Confirmed: Obama Made No Calls, Took No Action During Benghazi Attack
President Obama didn’t make any phone calls the night of the Sept. 11 attacks on the U.S. Consulate in Benghazi, Libya, the White House said in a letter to Congress released Thursday. “During the entire attack, the president of the United States never picked up the phone to put the weight of his office in the mix,” said Sen. Lindsey Graham, South Carolina Republican, who had held up Mr. Obama’s defense secretary nominee to force the information to be released. Mr. Graham said that if Mr. Obama had picked up the phone, at least two of the Americans killed in the attacks on the U.S. Consulate in Benghazi might still be alive because he might have been able to push U.S. aid to get to the scene faster. The White House has said Mr. Obama was kept up to date on the attack by his staff, though after being alerted to the attack in a pre-scheduled afternoon meeting he never spoke again with Defense Secretary Leon Panetta, Joint Chiefs of Staff Chairman Martin E. Dempsey or then-Secretary of State Hillary Rodham Clinton.

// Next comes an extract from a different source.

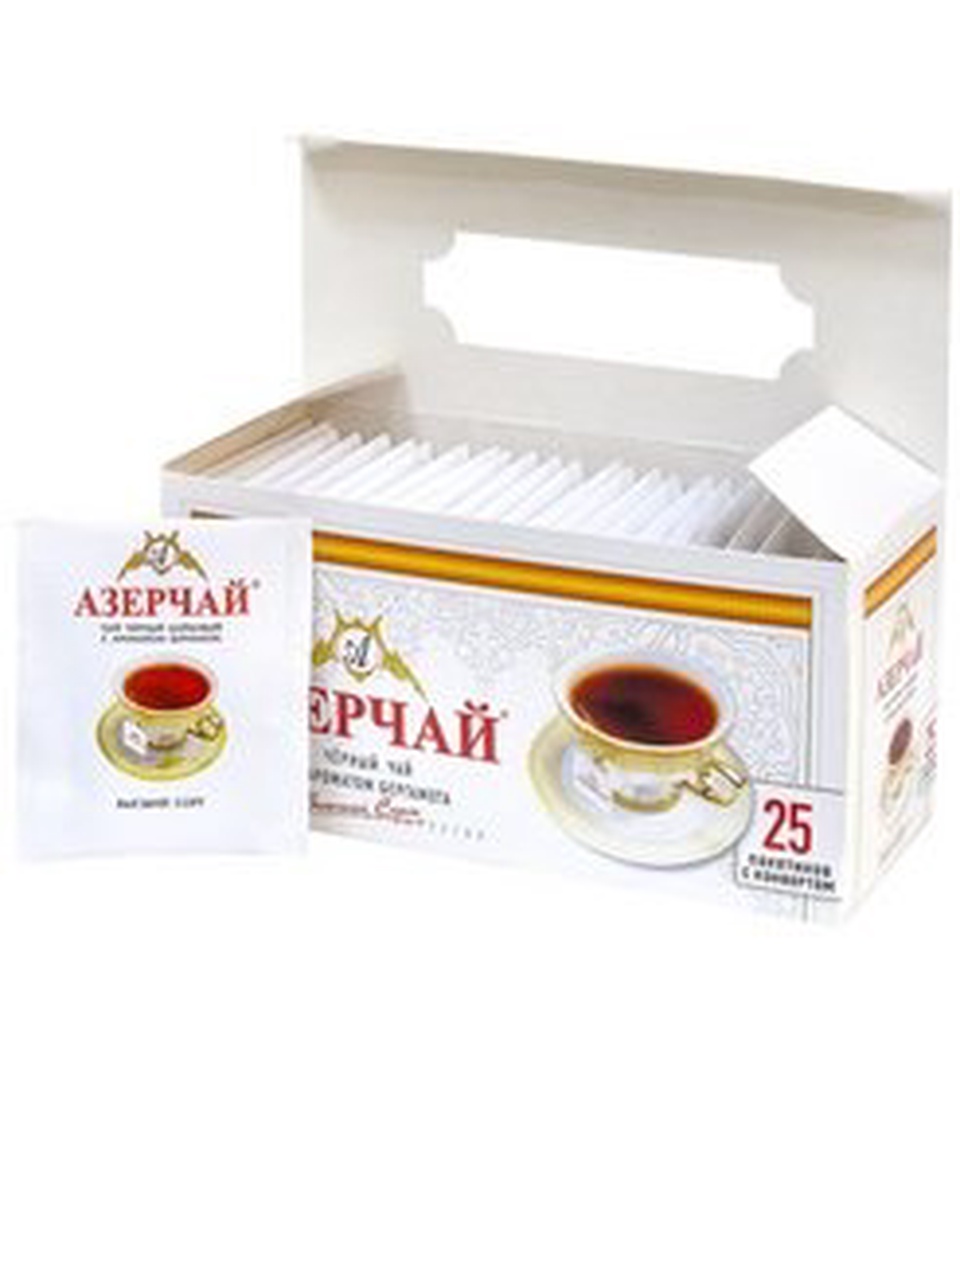 Азерчай черный с ароматом бергамота 25п в конверте - 90 ₽, заказать онлайн.

And there's this, which (a) re-confirms what we've known for some time, and (b) begs the question of why the administration approved false talking points for public consumption:
Mr. Panetta told Congress last week that he knew immediately the attacks were a terrorist assault, though the White House downplayed that notion in the first five days after the attack.
Who conceived of the false talking points and why were they employed at all, let alone for days? Why were requests for security upgrades repeatedly turned down, especially since our intelligence knew of at least ten active jihadi groups operating in Benghazi at the time? If the Commander-in-Chief wasn't in contact with his top people throughout the raid, and if he wasn't ordering the full might of the United States military into motion to protect the lives of our diplomats (which he's claimed is his "number one" priority), what was he doing over those eight hours? Our only clue is a campaign rally in Las Vegas the next day, which the president attended as scheduled -- having blown off another daily intelligence briefing, which was a habitual occurrence. That these questions have not been sufficiently answered -- or even asked, in some cases -- is less a product of masterful White House stonewalling as it is a profoundly vexing indictment of our media.
But hey, "what difference does it make?"